* Dataset section *
====
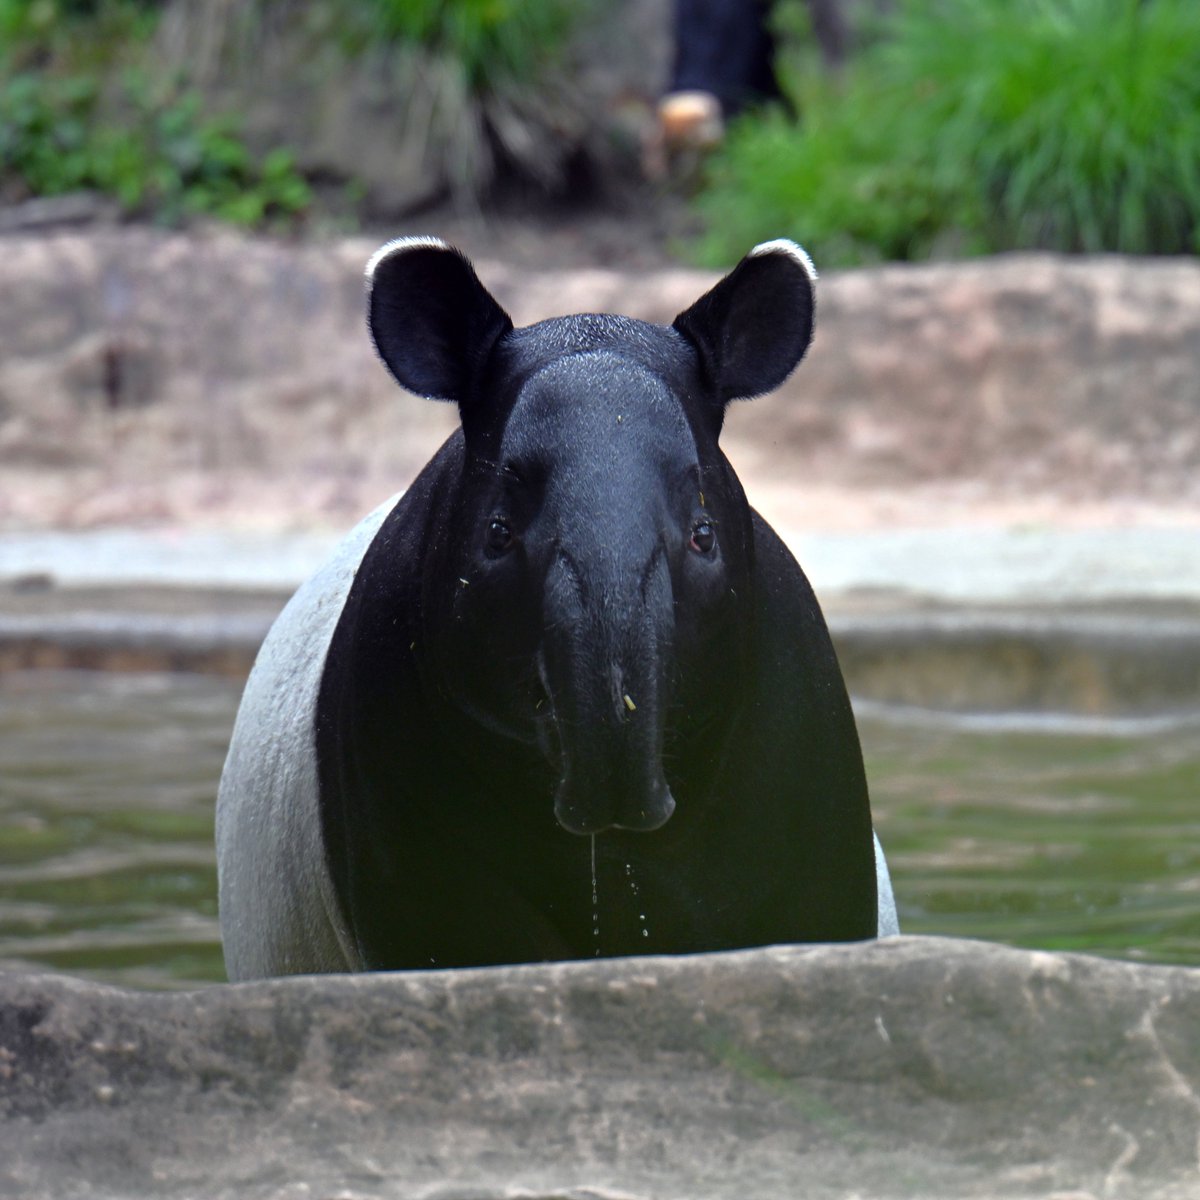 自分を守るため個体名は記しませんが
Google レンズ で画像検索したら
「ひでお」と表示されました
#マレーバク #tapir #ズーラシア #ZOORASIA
====
* To do *
Restate each line above exactly, keeping pictures out.

* Response area *
 自分を守るため個体名は記しませんが
Google レンズ で画像検索したら
「ひでお」と表示されました
#マレーバク #tapir #ズーラシア #ZOORASIA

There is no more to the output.